**Action item**: Extract each line of the material that follows exactly and omit its pictures.

**Dataset content**:

- Opening Delimiter -

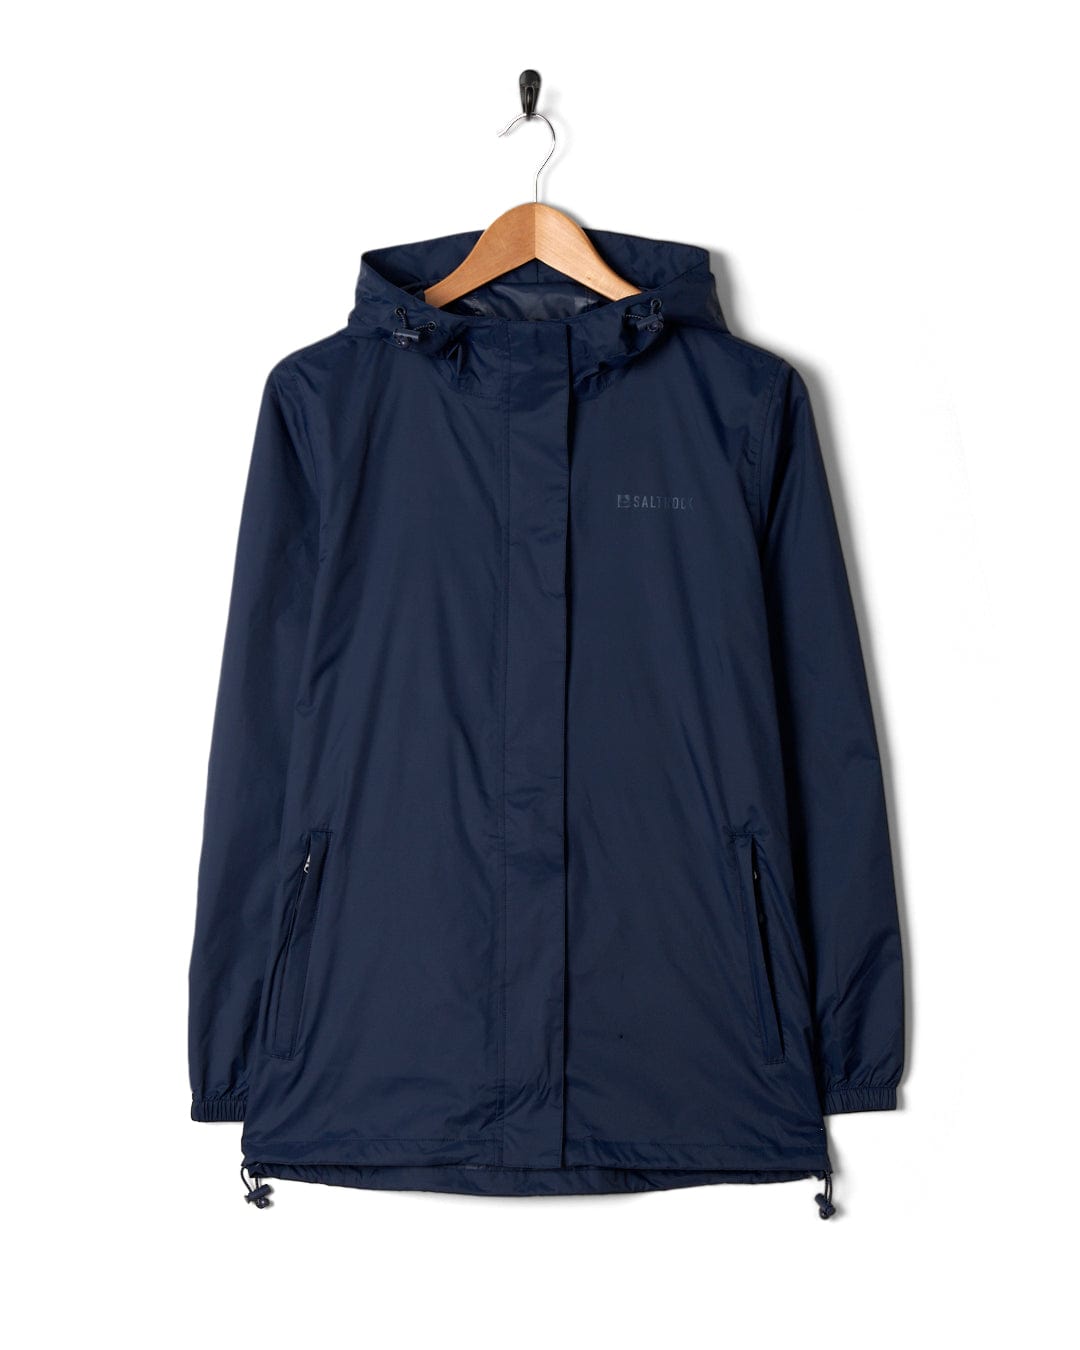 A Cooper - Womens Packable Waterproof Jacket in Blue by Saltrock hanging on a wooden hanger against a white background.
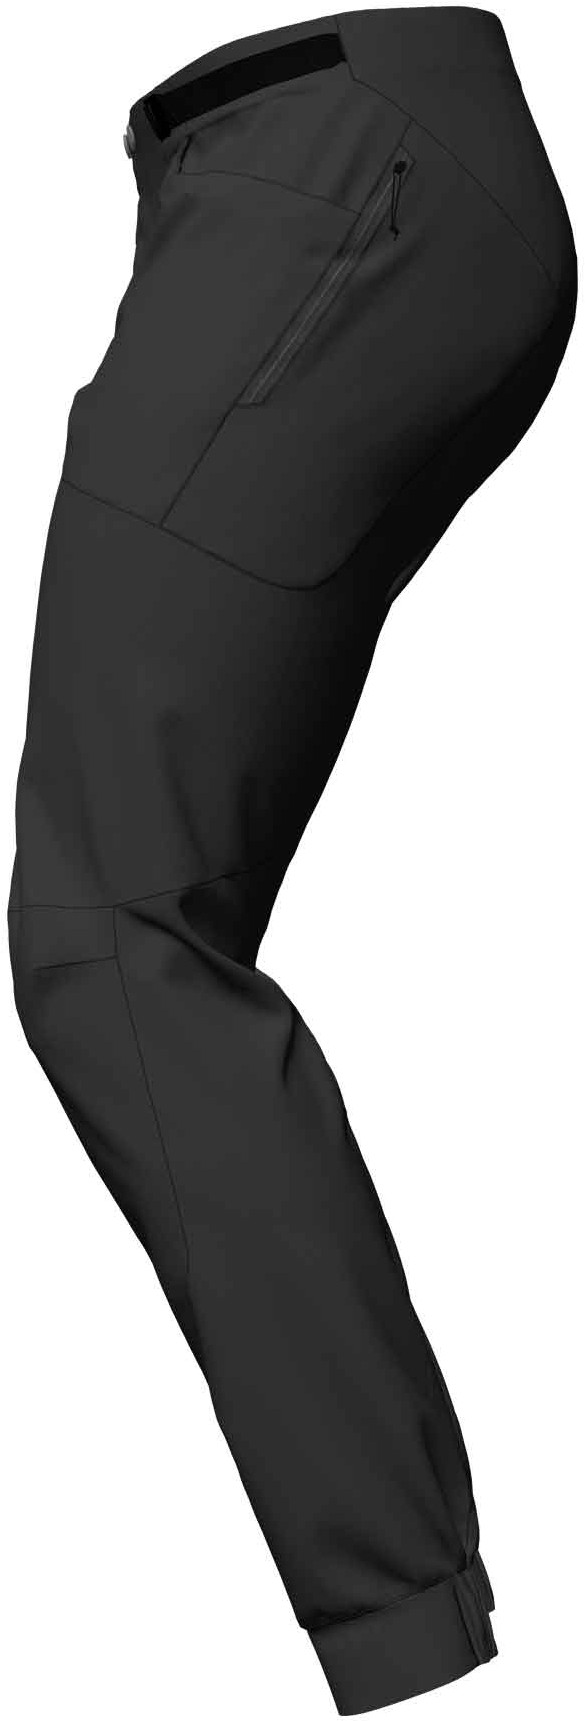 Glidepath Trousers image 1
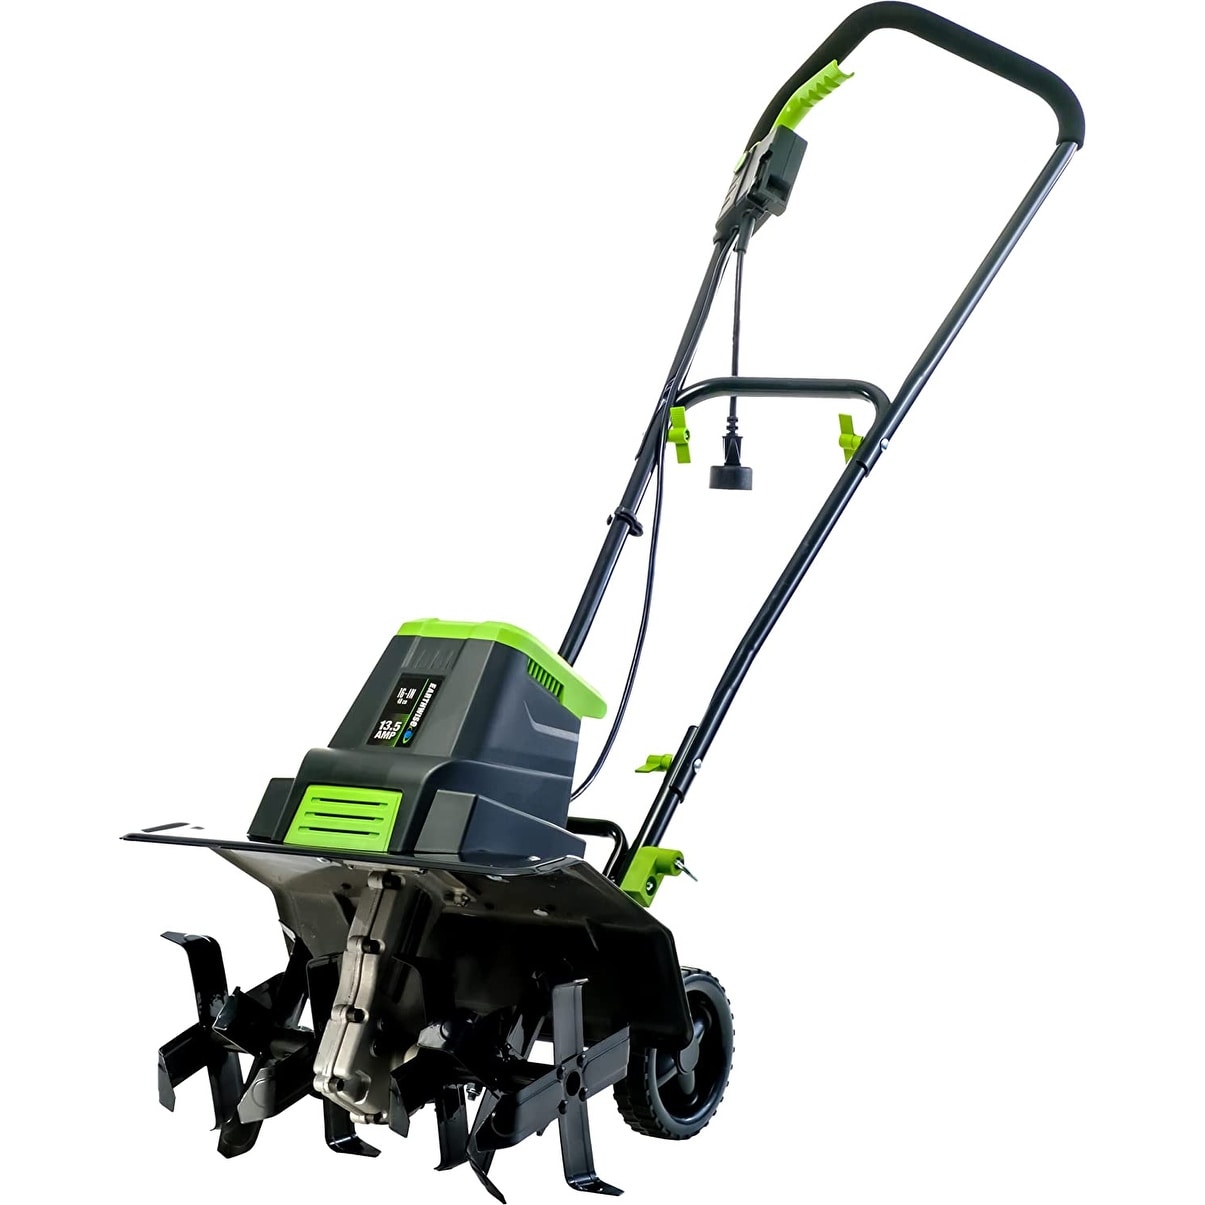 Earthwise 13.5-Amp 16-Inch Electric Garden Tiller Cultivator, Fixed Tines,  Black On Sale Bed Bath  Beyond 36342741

- Closing Delimiter -

**Answer to this exercise**:
 A Cooper - Womens Packable Waterproof Jacket in Blue by Saltrock hanging on a wooden hanger against a white background.
 Glidepath Trousers image 1
 Earthwise 13.5-Amp 16-Inch Electric Garden Tiller Cultivator, Fixed Tines,  Black On Sale Bed Bath  Beyond 36342741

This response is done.